Menden (免田)

Menden were rice fields that were exempt from the tax determined by the government during the late ancient times to the middle ages of Japan.
Rice fields exempt from Zoeki (odd-job tasks) but not Kanmotsu (tribute goods paid as taxes or tithes) collected by the kokuga (provincial government offices) were called Zoeki Menden

Summary

Around the tenth to mid-eleventh century, the Ritsuryo Taxation System of So (rice tax), Cho (tributes [Ritsuryo system]), Yo (labor) and zoyo (irregular corvee), suiko (government loans), kyoyaku (trading tributes) changed into Kanmotsu, which was basically paid in rice, and Zoeki, consisting of Buyaku (labor service) and Zatsumotsu (tributes). Zoeki was originally a per capita tax, but in reality was often taxed on the land. After the break up of the Ritsuryo system, benefits from the government such as Fukomotsu (depending upon the class, position, awards, there were Ifu, Shokufu and Kofu and this made up a large part of the income for the aristocracy and temples/shrines), which were given to the aristocrats and temples/shrines, and Shozeimotsu (shozei, a combination of rice tax and government rice collected by kokuga that were exchanged with other necessities by trade and given) to temples/shrines started to fall into arrears.

This was the time when the actual provincial administrative power were drastically passed from the central government to the kokuga. The Kokushi (officers of local government) struggled to collect Fukomotsu and Shozeimotsu and had to set Benbojo (places that were designated for convenience) within their province and used the crops collected in these fields to pay the taxes. In the eleventh century, Todai-ji Temple had Hakumai Menden, Toyu Menden and Kona Menden within Yamato Province. Furthermore, Kokushi issued Kokushi concessions which allowed shoen (manor in medieval Japan) owned by aristocrats and temples/shrines to be exempted from tax. The shoen with Kokushi Concessions were called Kokumen Sho.

However, the exemption of Kanmotsu required the consent of Daijokan (Grand Council of State), Minbusho (Ministry of Popular Affairs), the exemption that Kokushi could give were in principle only for Zoeki. In 1070, based on the shoen list that Kofuku-ji Temple submitted following the Manor Regulation Acts by Emperor Gosanjyo, about 80% of the Shoen owned by Kofuku-ji Temple in Yamato Province were Zoeki Menden.

It is thought that Kofuku-ji Temple, which was the Fujiwara clan temple, used its authority and obtained these rights by pressuring the Yamato Kokushi.
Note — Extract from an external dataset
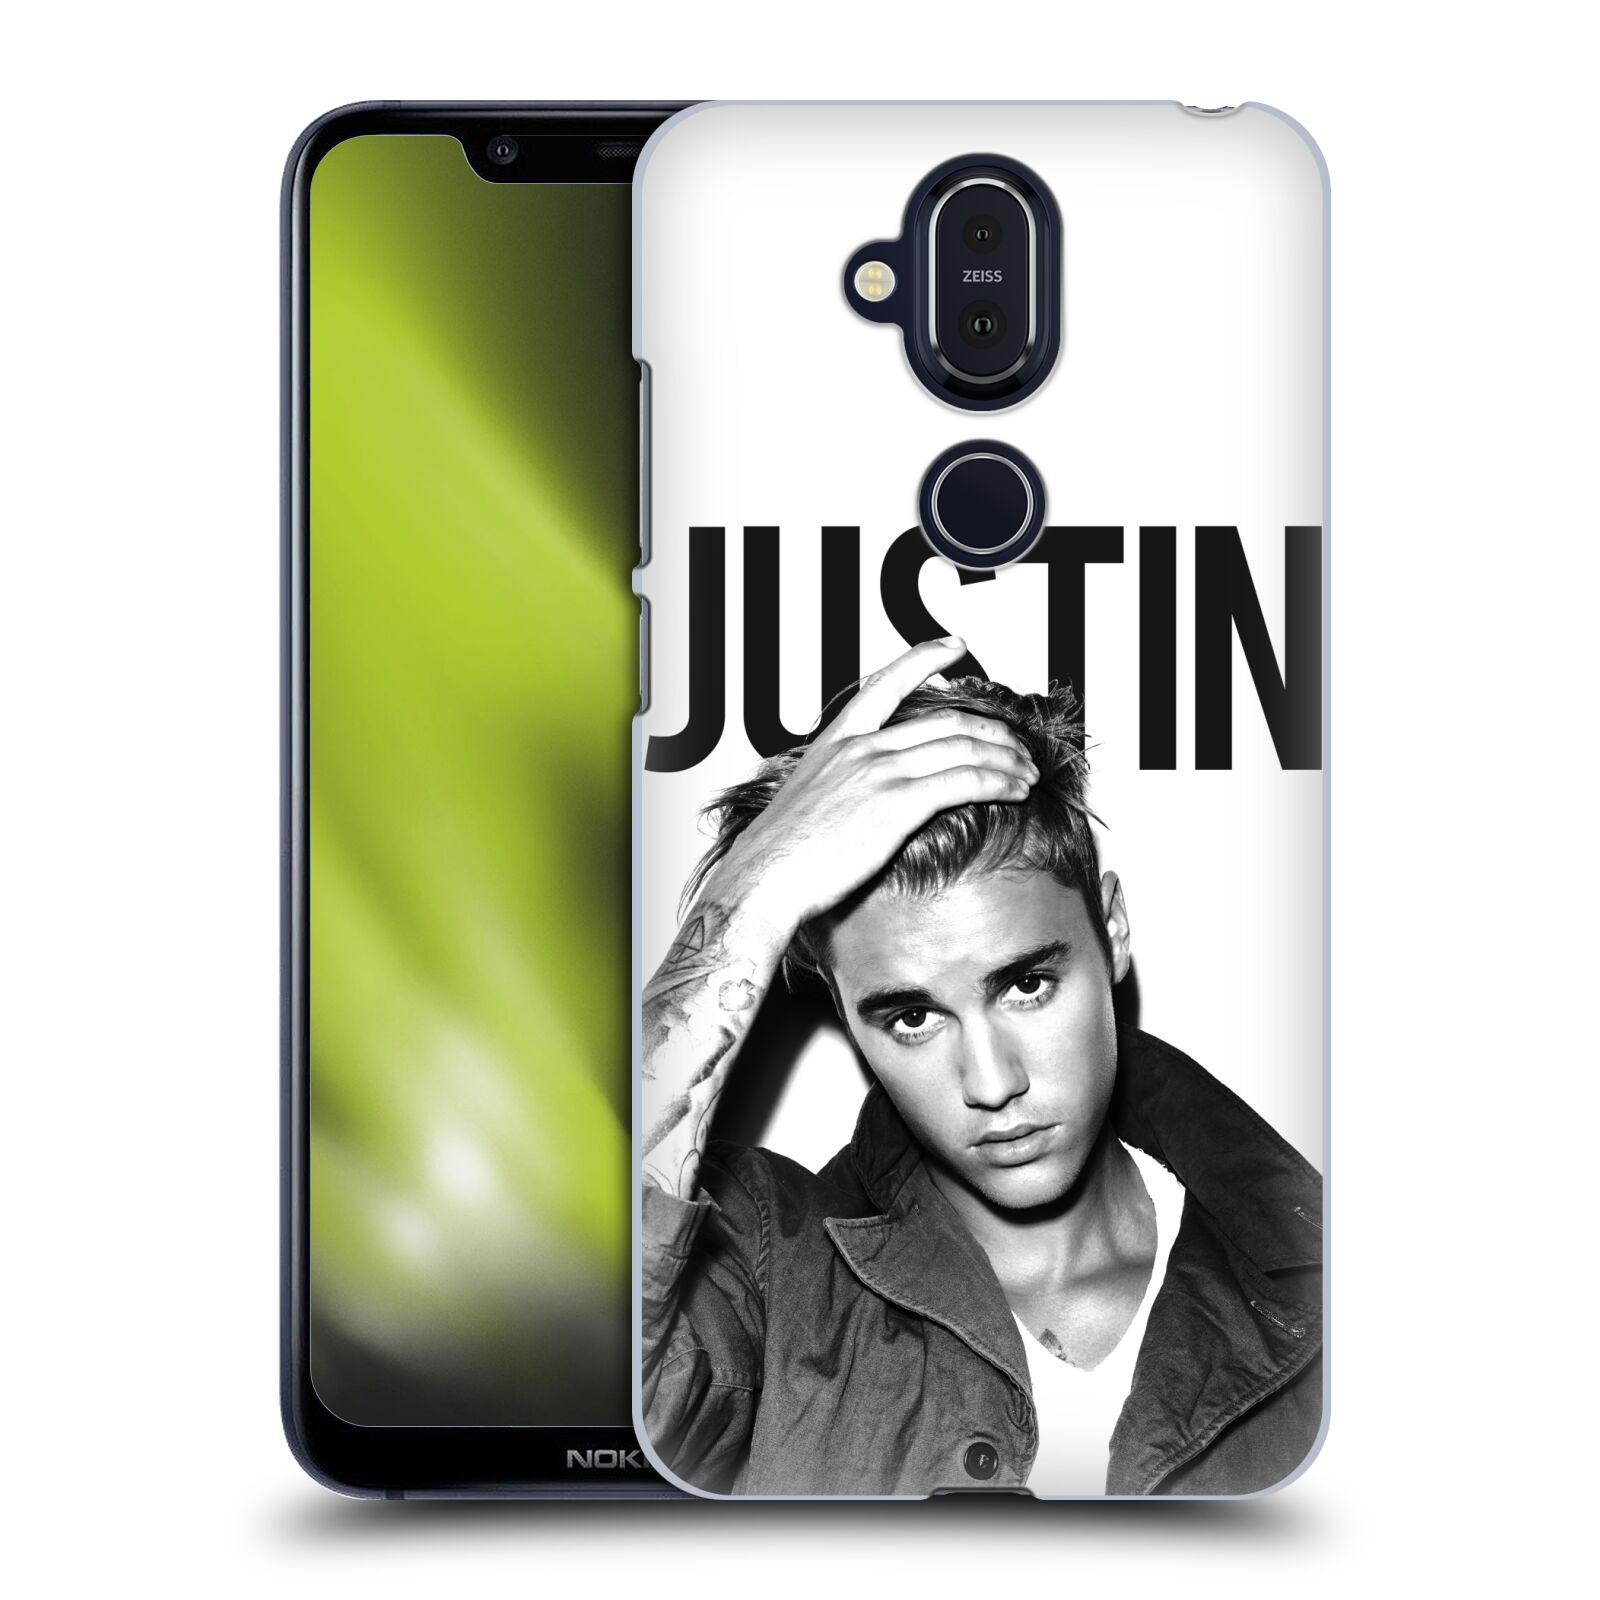 Plastové pouzdro na mobil Nokia 8.1 - Head Case - Justin Bieber Official - Póza

Zoekimen was a system where the Kokuga and Kyunushi (temple/shrine, aristocrat) divided Kanmotsu and Zoeki and is also called Hanfuyu. Kendenken (right to survey land) belonged to Kokuga and Kokukendenshi (inspector) would often enter the fields to collect Kanmotsu and the rights of the Kyunushi to the Kokuga were often unstable. In addition, Menden originally did not specify a certain field but was a designation of a certain surface area within a certain region (gun, go, sho) and was an Ukimen (floating concession) without a base. As a result, Menden did not exist together in one region but were scattered throughout the region.

The Kyunushi side collected the scattered Menden in one place and fixed the Ukimen to become Jyomenden (stationary concession) and aimed for a unified control of the land and person who had the cultivation rights.

The Jyomenden of Zoeki Menden strengthened the rights of the Kyunushi and led to the Funyuken (right to refusal of entry of Kokushi), or exemption of tax, changing into the overall control of the Kyunushu of Shoen. After the twelfth century, with the clarification of official manor boundaries due to Shoen improvement, Han-fuyu (a system where Kokuga and Kyunushi shared Kanmotsu and Zoeki) gradually decreased. The collection of Zoeki Menden led to Zoekimengata Shoen and was a transient state of Shoen before complete exemption from tax.

However, it was not that Zoeki Menden and Hanyuchi disappeared completely, but the part of Yosegori of the Shimazu Sho, which was the largest Sekkan-ke (the families which produced regents) Shoen covering Satsuma, Okuma and Hyuga Provinces was still under the governance of the Kokuga and Shoen landlord even in the Kamakura Period. Yosegori was a special case of Zoekimen where Kanmotsu was shared by Kokuga and the landholding families and Zoeki was collected by landholding families. Kendenken was held by landholding families and a Benzaishi appointed by the family collected the Kanmotsu and Zoeki. In this case, Kokuga and Shoen were not necessarily against each other but coexisted.